I noticed that the datasets have a common column movie/film so I used a left join to combine them.

library(readxl)
Oscar_nominated_Movies_2000_2017 <- read_excel("Desktop/Oscar nominated Movies 2000-2017.xlsx")
View(Oscar_nominated_Movies_2000_2017)

library(readxl)
demographics <- read_excel("Desktop/demographics.xlsx")
View(demographics)


library(dplyr)

## 
## Attaching package: 'dplyr'

## The following objects are masked from 'package:stats':
## 
##     filter, lag

## The following objects are masked from 'package:base':
## 
##     intersect, setdiff, setequal, union

Oscar_demographics <- inner_join(Oscar_nominated_Movies_2000_2017, demographics, by = c("movie" = "film"))

Cleaning the data

The merged data had a lot of columns I wasn't interested in so I deleted the excess columns.

Oscar_demographics <-Oscar_demographics[-c(1,3,4,5,6,7,8,9,10,11,12,13,14,15,16,17)]

Oscar_demographics <- Oscar_demographics[-c(3,5,7,9,11)]

Oscar_demographics <- Oscar_demographics[-c(8,9,10,11,12,13,14,15,16,17)]

Oscar_demographics <- Oscar_demographics[-c(8:18)]

Oscar_demographics <- Oscar_demographics[-c(8:25)]

Oscar_demographics <- Oscar_demographics[-c(8:15)]

Oscar_demographics <- Oscar_demographics[-c(8:11)]

Oscar_demographics <- Oscar_demographics[-c(9:40)]

Oscar_demographics <- Oscar_demographics[-c(9:19)]

Oscar_demographics <- Oscar_demographics[-c(9)]
Oscar_demographics <- Oscar_demographics[-c(6,7)]
View(Oscar_demographics)

## Warning in system2("/usr/bin/otool", c("-L", shQuote(DSO)), stdout = TRUE):
## running command ''/usr/bin/otool' -L '/Library/Frameworks/R.framework/Resources/
## modules/R_de.so'' had status 1

Binary

Next, I changed all the columns of interest from Yes and No / White or POC to their respective binary values. *For race_simple I made POC=1 and White=0

Oscar_demographics$race_simple <- ifelse(Oscar_demographics$race_simple == "White", 0, 1)
Oscar_demographics$Oscar_Best_Picture_won <- ifelse(Oscar_demographics$Oscar_Best_Picture_won == "No", 0, 1)
Oscar_demographics$Oscar_Best_Actor_won <-ifelse(Oscar_demographics$Oscar_Best_Actor_won == "No", 0, 1)
Oscar_demographics$Oscar_Best_Actress_won <- ifelse(Oscar_demographics$Oscar_Best_Actress_won == "No", 0, 1)
Oscar_demographics$Oscar_Best_Director_won <- ifelse(Oscar_demographics$Oscar_Best_Director_won == "No", 0, 1)

View(Oscar_demographics)

## Warning in system2("/usr/bin/otool", c("-L", shQuote(DSO)), stdout = TRUE):
## running command ''/usr/bin/otool' -L '/Library/Frameworks/R.framework/Resources/
## modules/R_de.so'' had status 1

Correlation

Next, instead of running separate correlation analyses for each column with POC_percent and race_simple, I decided to run a correlation matrix to see them all at once.

library(GGally)

## Loading required package: ggplot2

## Registered S3 method overwritten by 'GGally':
##   method from   
##   +.gg   ggplot2

ggcorr(Oscar_demographics, low = "steelblue", mid = "white", high = "brown")

## Warning in ggcorr(Oscar_demographics, low = "steelblue", mid = "white", : data
## in column(s) 'movie', 'race' are not numeric and were ignored

It appears that the strongest correlations of POC_percent and race simple are both with the People_Choice_won category.

Example

An example of this correlation proving true can been seen in the graph above where "The Martian" had the highest POC_percent and won the People's Choice Award.

Results & Further Research

My hypothesis was proven incorrect as movies with higher proportions of people of color are more likely to win one of the five awards: the People's Choice Award.
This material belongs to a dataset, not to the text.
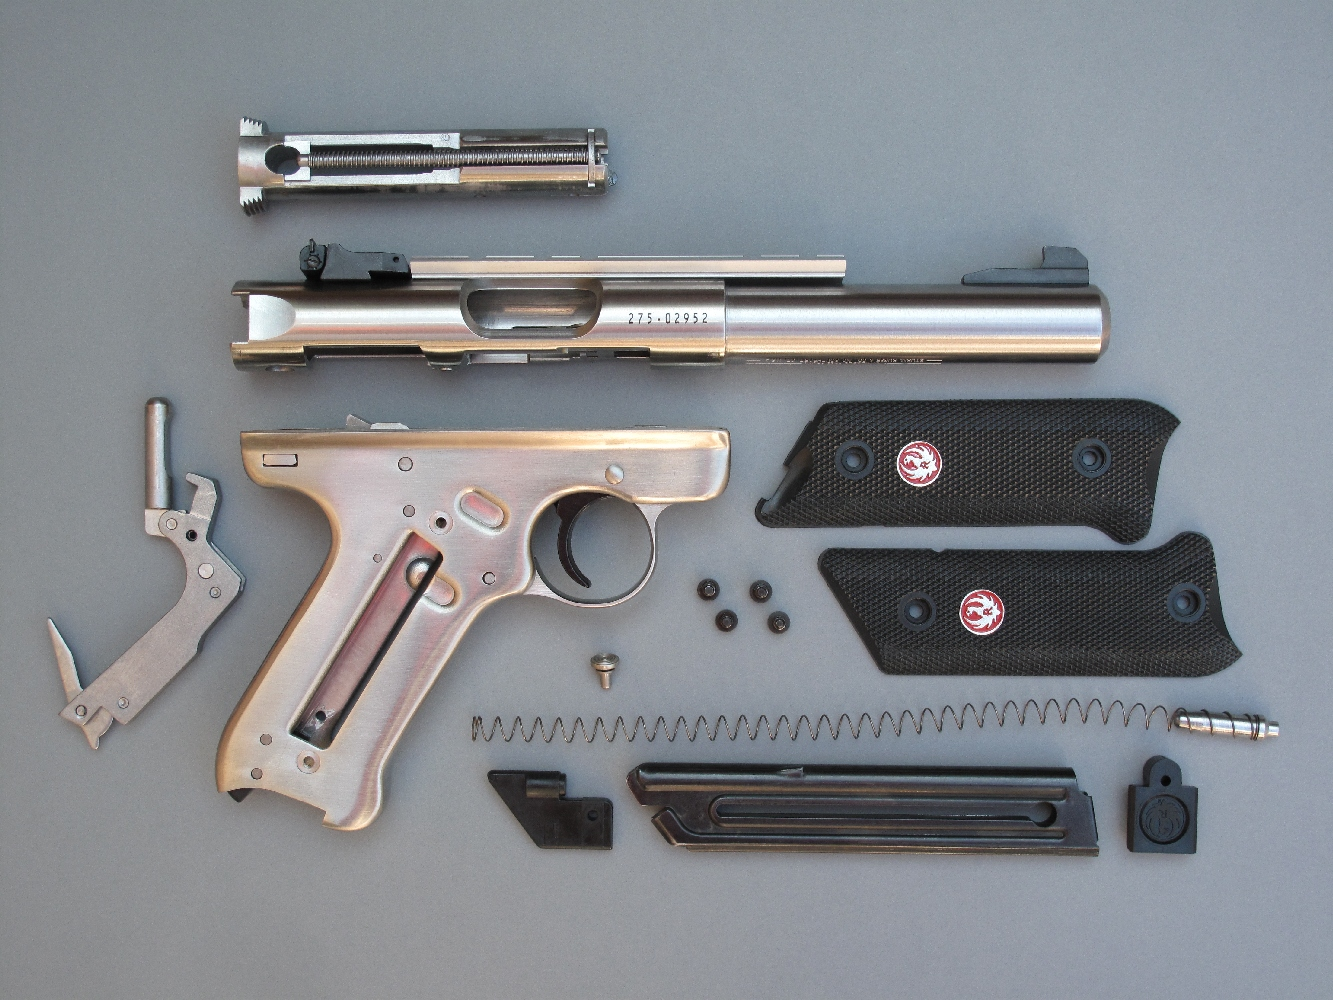 En théorie, le démontage sommaire de ce pistolet est simple. En pratique, la moindre erreur dans le séquencement des manipulations pose problème et, sur une arme neuve, les ajustages serrés rendent cette opération difficilement réalisable sans l'aide d'outil.

This is interesting because this is the only category that is decided by the general public and not the Academy. Further research with a larger dataset would be interesting as there could be different standards for what the general public considers as a 'good film' versus the Academy. It would also be interesting to explore the high positive correlation between best actor and best director.

Analyzing Twitter data including the words "people of color" or "diversity" and "Oscars" would also be interesting. I attempted this, however, less than 10 tweets were returned so it would need to be done through a premium API to get more than a week's worth of tweets.